*** Opening INPUT DATA ***

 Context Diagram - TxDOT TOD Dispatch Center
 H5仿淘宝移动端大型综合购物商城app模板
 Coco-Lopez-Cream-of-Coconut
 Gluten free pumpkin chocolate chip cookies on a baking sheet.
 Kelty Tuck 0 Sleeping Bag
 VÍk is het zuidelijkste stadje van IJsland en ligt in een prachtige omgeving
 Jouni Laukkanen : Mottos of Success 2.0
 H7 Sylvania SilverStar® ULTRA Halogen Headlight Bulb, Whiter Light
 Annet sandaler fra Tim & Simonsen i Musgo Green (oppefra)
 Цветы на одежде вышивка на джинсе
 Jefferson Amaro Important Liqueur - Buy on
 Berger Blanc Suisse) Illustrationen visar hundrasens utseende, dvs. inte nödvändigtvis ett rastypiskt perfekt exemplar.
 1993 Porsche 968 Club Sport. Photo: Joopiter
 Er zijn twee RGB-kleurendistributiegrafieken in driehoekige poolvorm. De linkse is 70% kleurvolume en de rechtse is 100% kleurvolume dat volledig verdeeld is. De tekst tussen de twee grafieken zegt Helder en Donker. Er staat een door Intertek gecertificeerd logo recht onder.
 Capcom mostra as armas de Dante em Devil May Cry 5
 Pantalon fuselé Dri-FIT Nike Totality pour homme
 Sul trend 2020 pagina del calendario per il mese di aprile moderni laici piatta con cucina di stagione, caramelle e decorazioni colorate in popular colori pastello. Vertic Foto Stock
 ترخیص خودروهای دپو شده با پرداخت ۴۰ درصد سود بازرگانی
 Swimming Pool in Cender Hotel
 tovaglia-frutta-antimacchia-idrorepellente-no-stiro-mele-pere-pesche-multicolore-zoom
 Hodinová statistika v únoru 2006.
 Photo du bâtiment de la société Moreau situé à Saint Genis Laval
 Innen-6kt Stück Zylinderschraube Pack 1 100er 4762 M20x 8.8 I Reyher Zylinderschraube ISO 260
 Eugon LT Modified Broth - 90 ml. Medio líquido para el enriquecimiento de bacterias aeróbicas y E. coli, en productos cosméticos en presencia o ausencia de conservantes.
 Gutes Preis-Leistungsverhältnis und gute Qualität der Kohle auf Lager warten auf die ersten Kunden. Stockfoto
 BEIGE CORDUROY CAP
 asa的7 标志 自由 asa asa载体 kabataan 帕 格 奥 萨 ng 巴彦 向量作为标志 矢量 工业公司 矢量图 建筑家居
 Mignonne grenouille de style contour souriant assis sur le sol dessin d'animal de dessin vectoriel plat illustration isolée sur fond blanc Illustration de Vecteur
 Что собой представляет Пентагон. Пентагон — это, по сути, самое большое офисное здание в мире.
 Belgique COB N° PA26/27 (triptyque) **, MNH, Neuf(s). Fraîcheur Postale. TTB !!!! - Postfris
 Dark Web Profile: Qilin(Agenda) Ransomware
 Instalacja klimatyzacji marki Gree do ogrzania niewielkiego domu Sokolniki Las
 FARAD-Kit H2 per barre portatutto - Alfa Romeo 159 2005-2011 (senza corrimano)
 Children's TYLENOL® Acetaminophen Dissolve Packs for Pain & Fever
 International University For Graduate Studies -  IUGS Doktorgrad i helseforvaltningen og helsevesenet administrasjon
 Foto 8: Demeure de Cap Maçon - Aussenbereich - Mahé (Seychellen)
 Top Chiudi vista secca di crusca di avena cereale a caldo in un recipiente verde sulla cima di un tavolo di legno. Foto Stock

*** Closing INPUT DATA ***

Look through the records above and please copy every line in which the string "Photo" occurs.

 1993 Porsche 968 Club Sport. Photo: Joopiter
 Photo du bâtiment de la société Moreau situé à Saint Genis Laval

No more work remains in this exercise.